После советско-польской войны 1920 года, поляков, попавших в плен, вывозили за Урал. Сентябрь 1939 г. считается началом Второй мировой войны. Разгром польских войск, и ввод войск Советского Союза на территорию Польской республики. В 1940-1941 гг. НКВД совершил три депортации около 1 200 000 человек [5, с. 55 и след.], в том числе 115 тыс. эвакуировались вместе с армией Андерса на Ближний Восток. Большинство депортированных попали в разные районы Сибири и республики СССР в Центральной Азии. Многие из них вернулись в Польшу во время репатриации после 1956 года. Об этом сохранились многотомные мемуары, такие как: «Судьба поляков на Востоке» (Ломжа, 1991-1994). Они значительно отличались от мемуаров польских сибиряков XIX века, так как они были наполнены историческими и политическими фактами.
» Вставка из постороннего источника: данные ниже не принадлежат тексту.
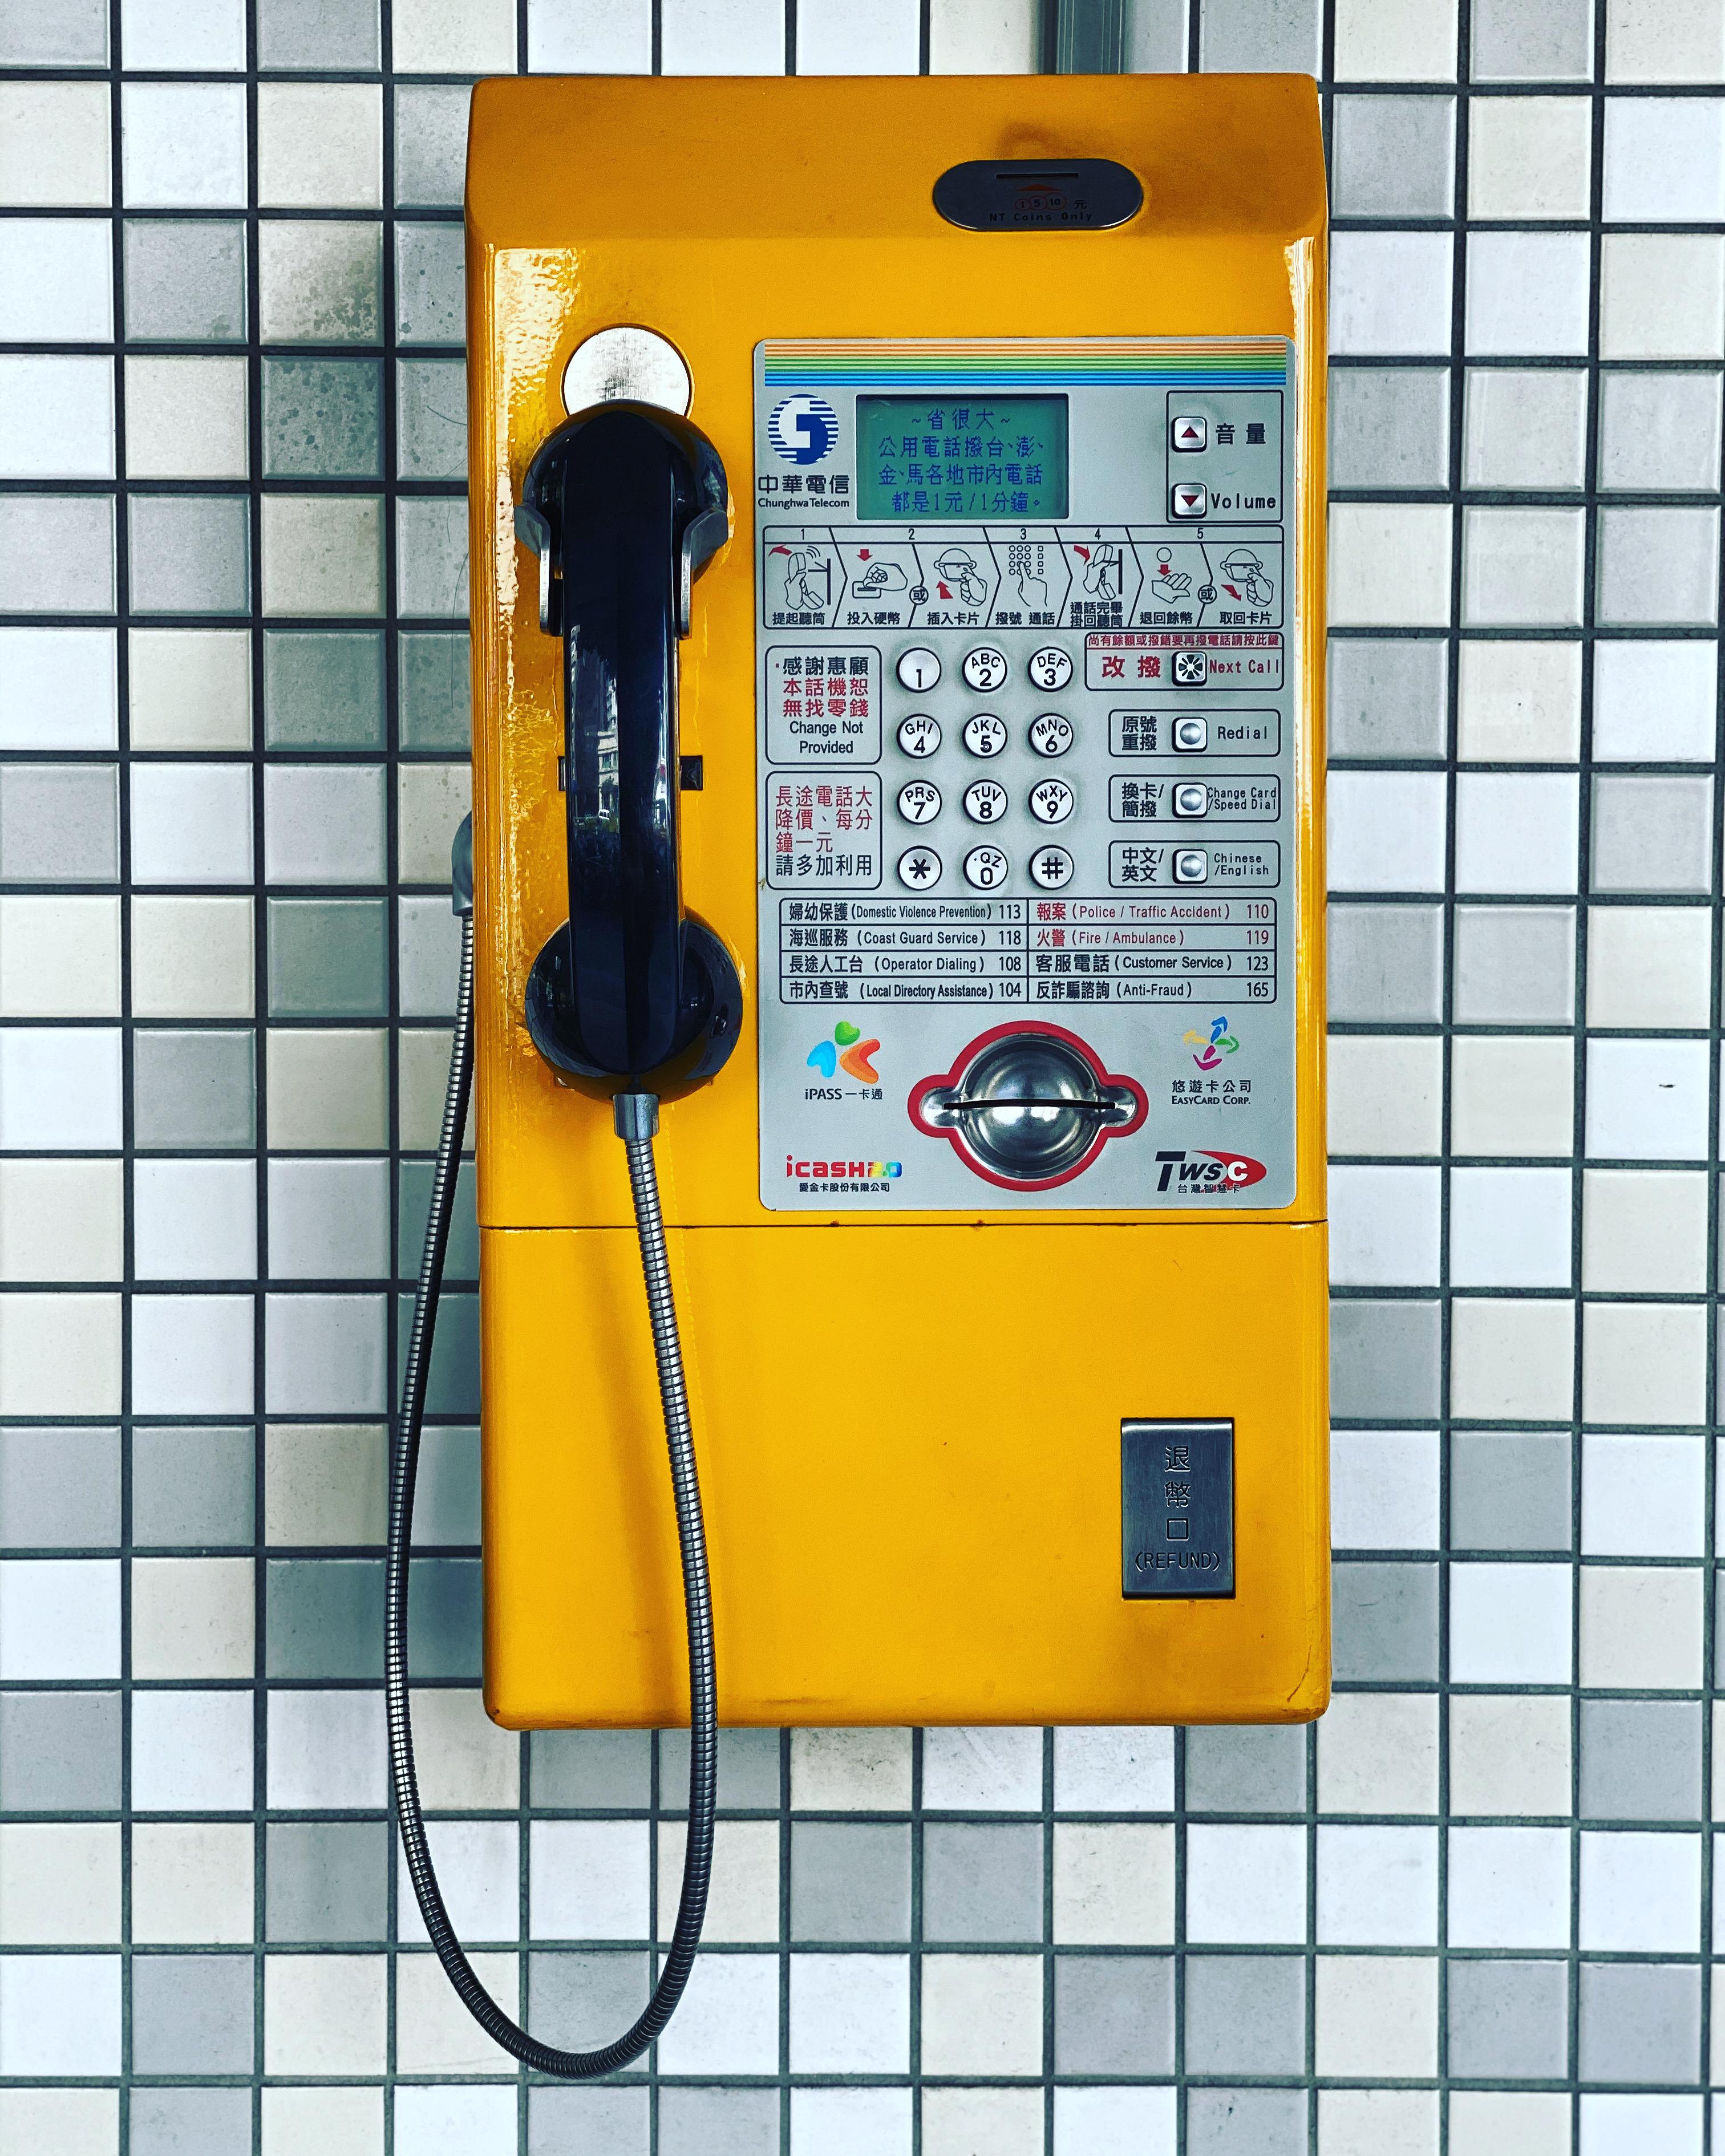 Bright yellow public payphone

Вернемся к характеристике избранных мемуаров. Нередко авторами их были священники, которые активно поддерживали повстанцев и вместе с ними были сосланы в Сибирь. С такой судьбой встретился настоятель базилианского монастыря Ян Дыклан-Охоцкий, сосланный в Туринск. Там этот монах подружился с жителями. С большим энтузиазмом и любопытством он описывал их жизнь, обычаи, убеждения, легенды в дневнике, который в дальнейшем попал в руки выдающегося писателя XIX века Юзефа Игнатия Крашевского. Тот дал ему заглавие - «Дневники Яна Дыклана-Охоцкого переписаны из оставшихся рукописей» и напечатал его в 1857 году. Писателя увлекла не только народная культура, но и уважение, и искреннее восхищение к местным жителям: «У нас было неправильное представление о местных жителях, которых мы воспринимали как диких и бесполезных. Это возможно было характерно для первых поселенцев этой земли, но в настоящее время выглядит это совсем по-другому».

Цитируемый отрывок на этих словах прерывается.